Lim et al. [15] proposed a set of equations to estimate accurately 
worst-case time analysis (WCTA) for RISC processors. Their 
models include the details of the pipelining, instruction cache 
and data cache effects on real timeliness of the system. But the 
size of the program for analysis is still limited.  
 
Taha et al. [25] presented an instruction throughput model of 
Superscalar processors. Their model includes parameters such 
as superscalar width, depth of pipeline, instruction fetch 
mechanism (in-order/out-of-order), branch predictor, central 
issue window width, number of functional units their latencies 
and throughputs, re-order buffer width and cache size and 
latency etc. Their model resulted in errors up to 5.5% when 
compared to the Simple Scalar simulator [1]. Wada et al. [26] 

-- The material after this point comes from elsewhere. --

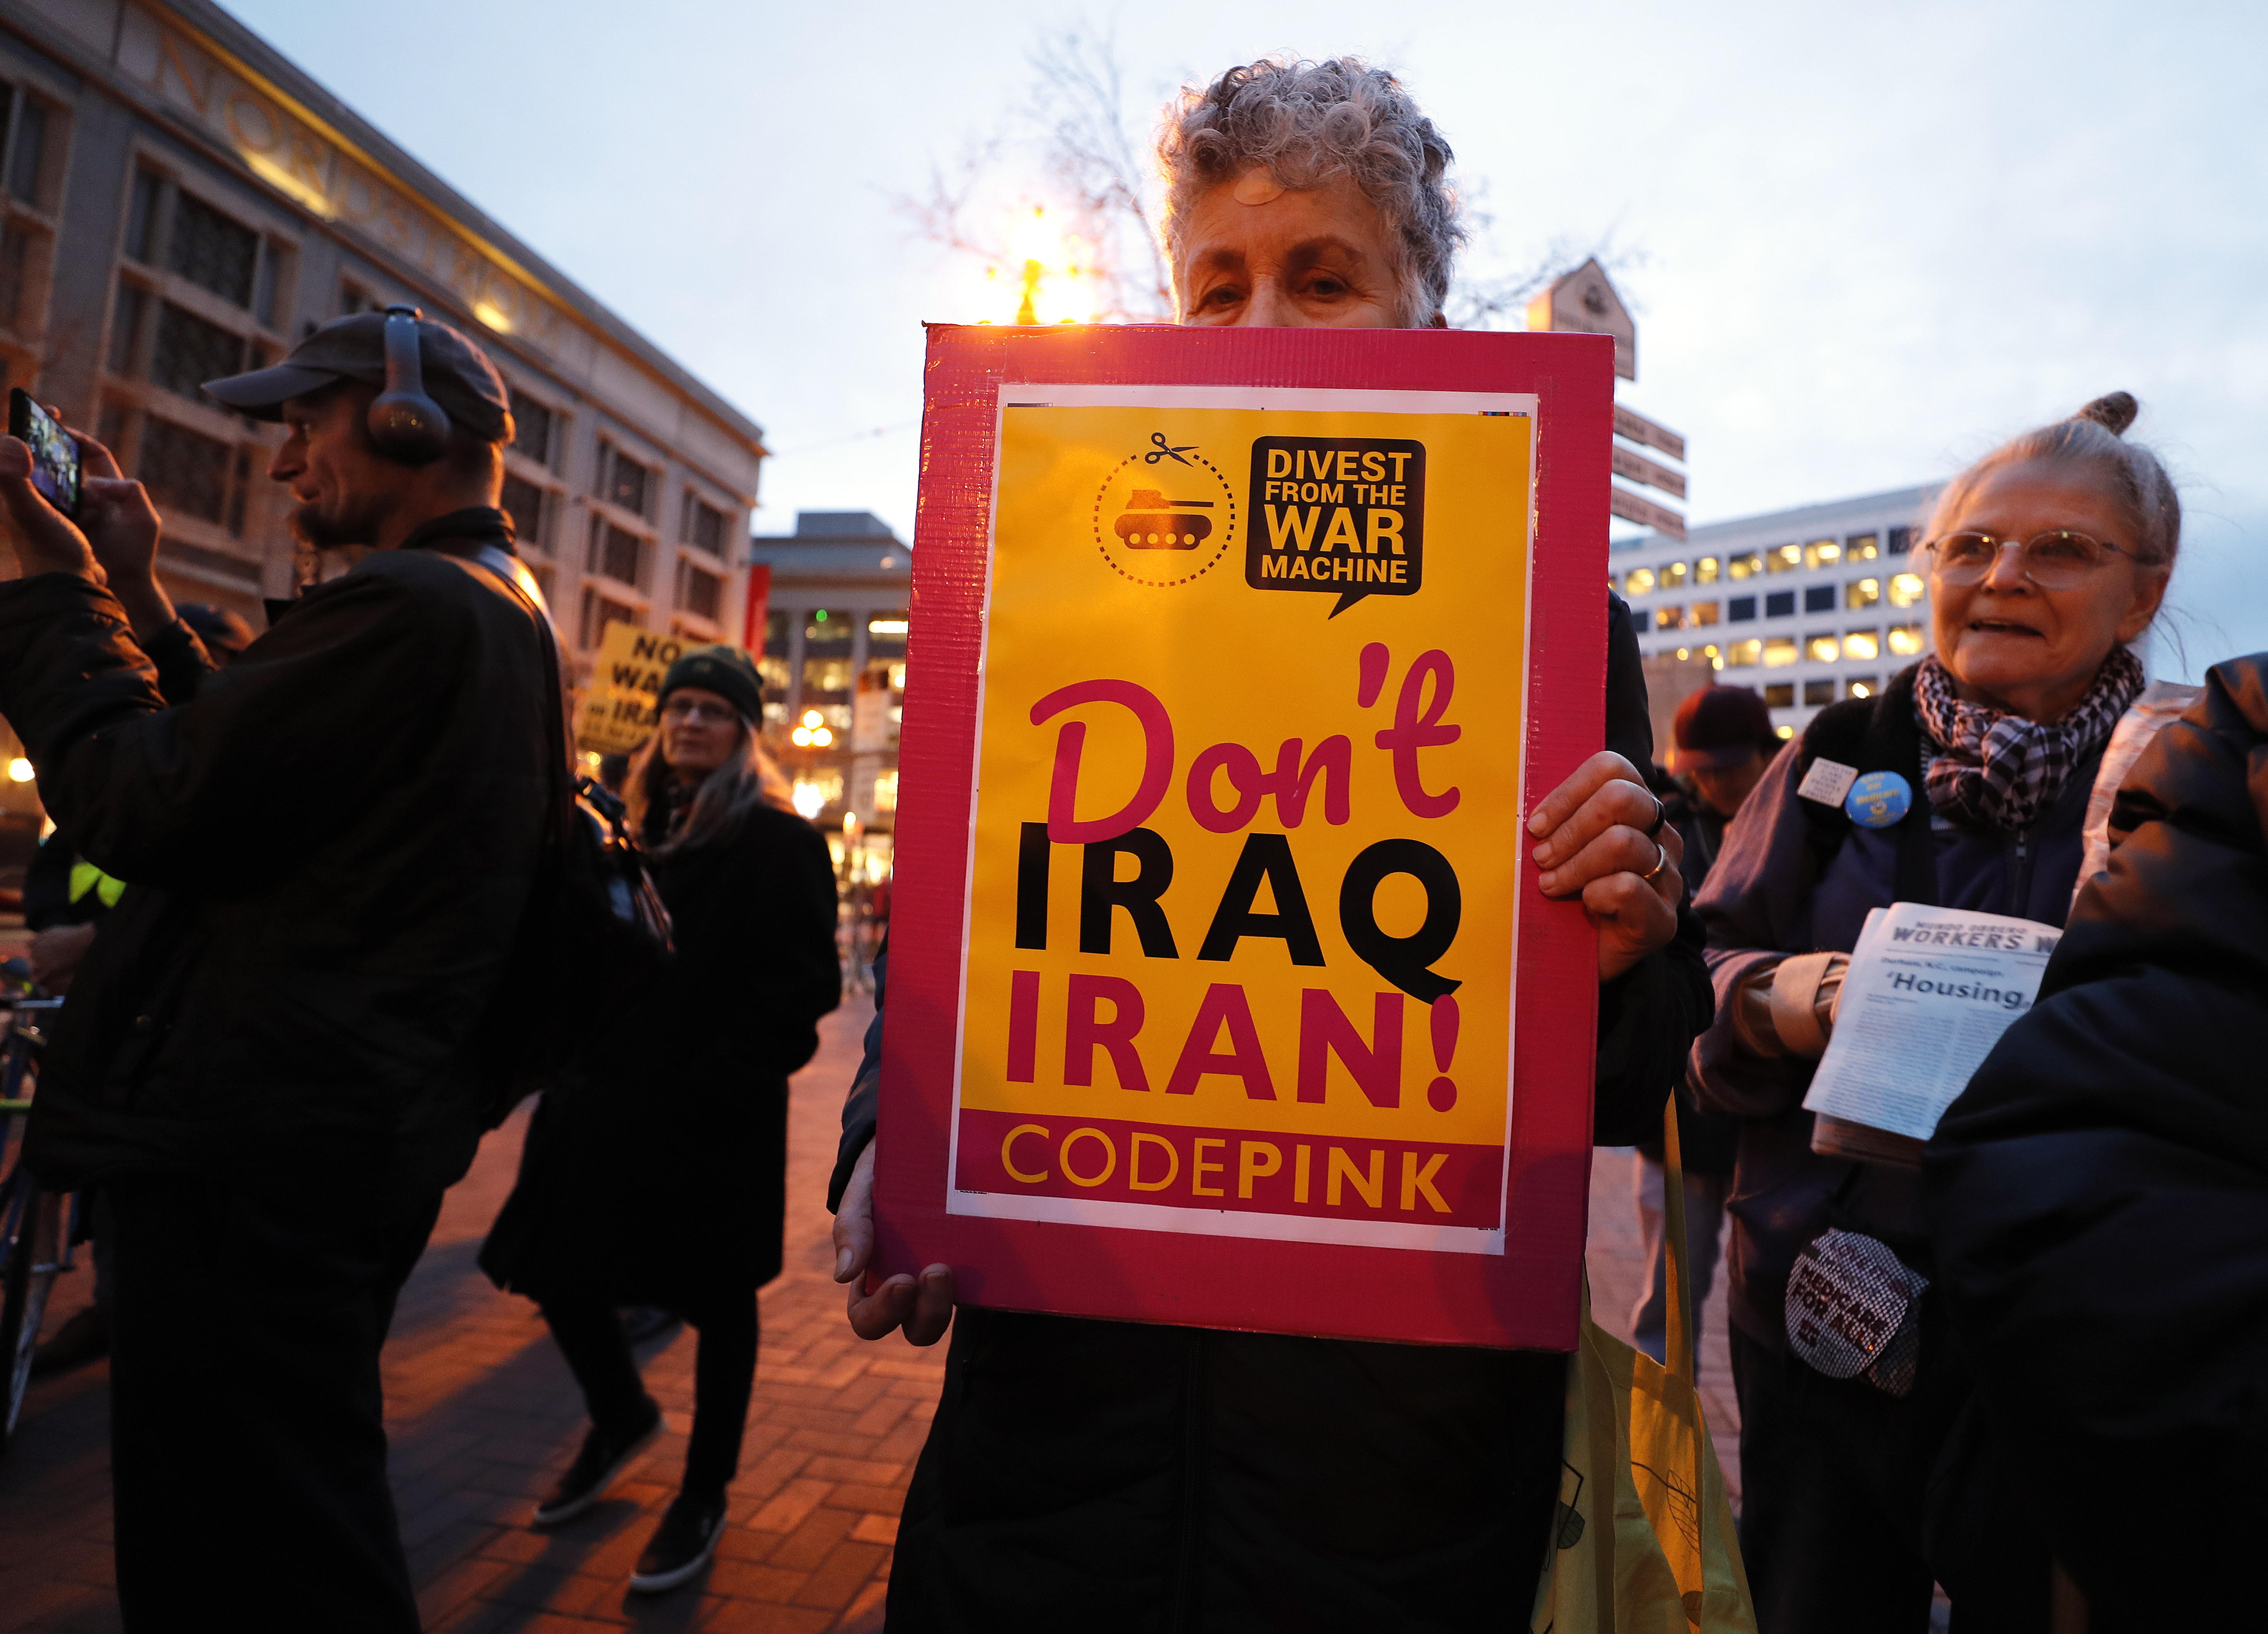 On és l'Iran? Als EUA no ho tenen clar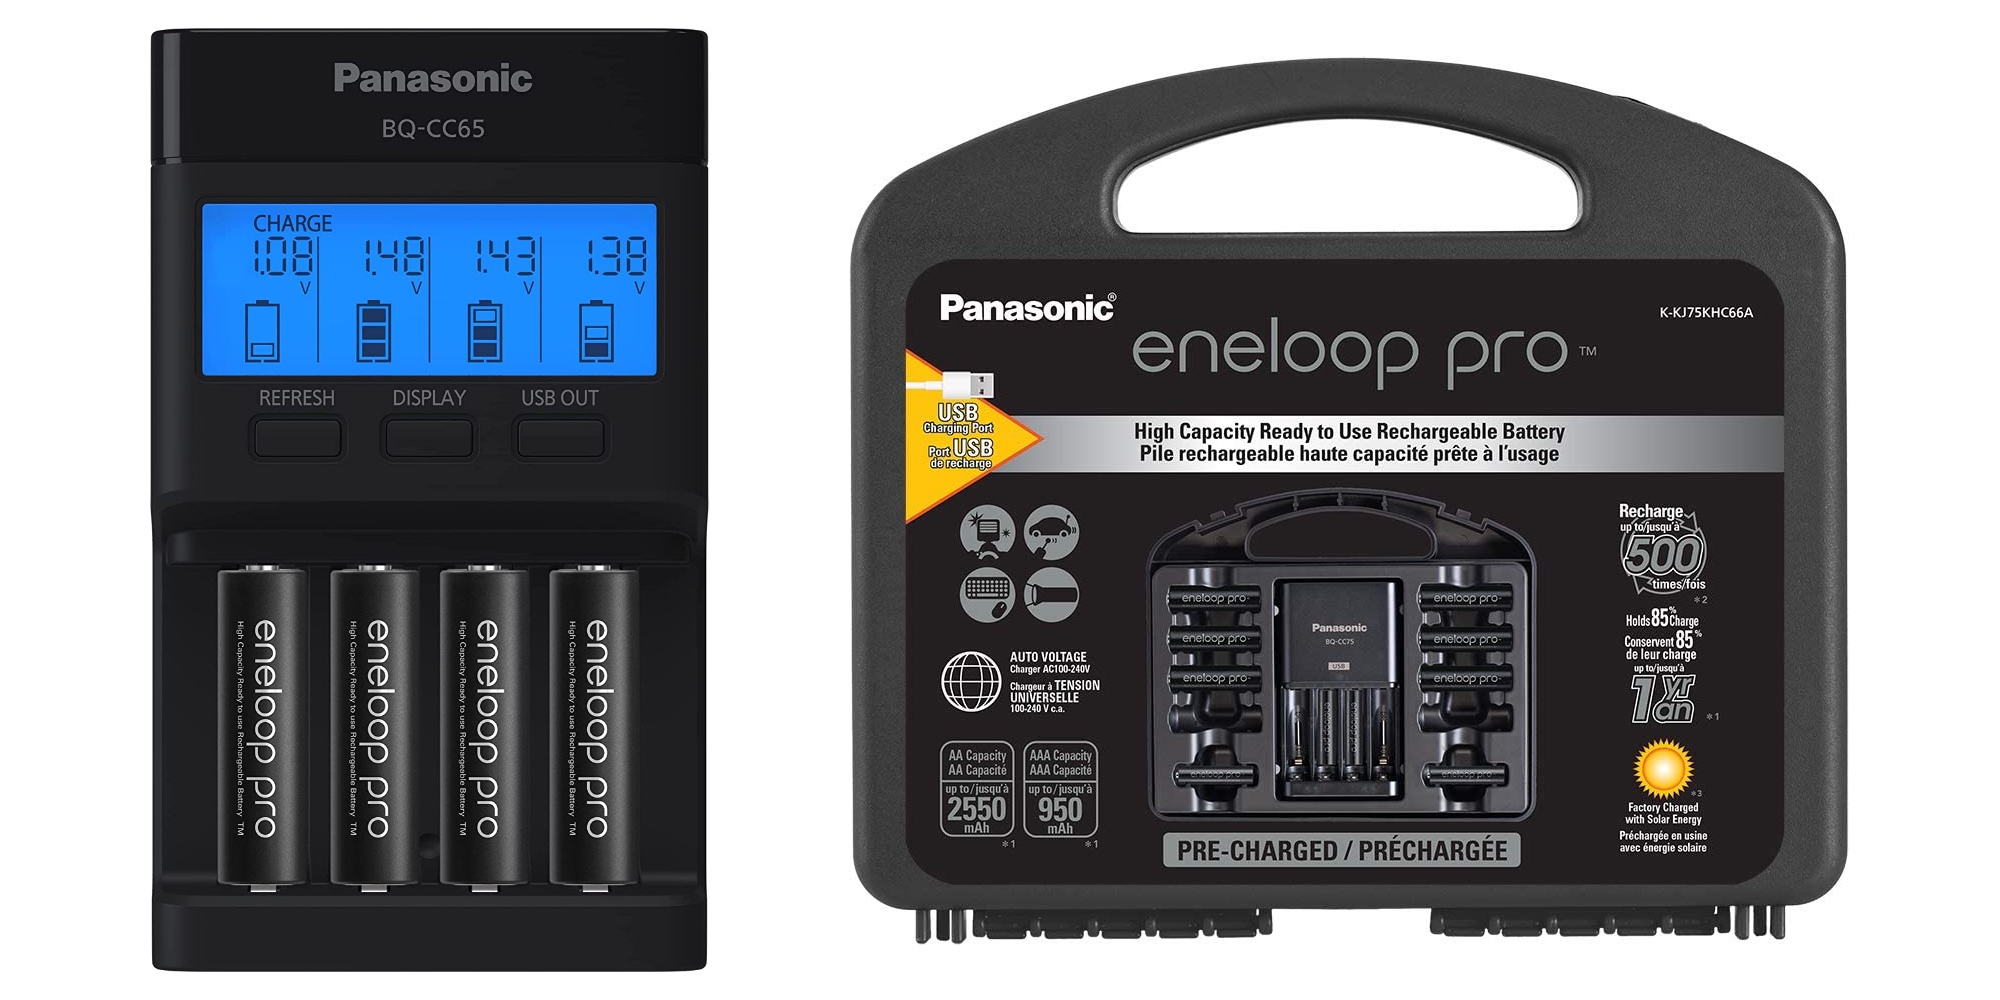 Panasonic's popular eneloop pro rechargeable battery bundle hits

proposed detailed circuit level analytical access time model for 
on-chip cache memories. The model takes inputs such as 
number of tag/data array per word/bit line etc. On comparing 
with SPICE results the model gives 20% error for an 8ns access 
time cache memory. 
 
Yourst [27] developed PTLsim (A full system clock accurate 
simulator) to simulate each component at instruction level. This 
simulator features the configurable RTL level architecture and 
pipelines at the speed of host system. MARSS-x86 [18] is a 
cycle accurate complete system simulator for x86 and x64 
based architectures, especially for multi-core hardwares. 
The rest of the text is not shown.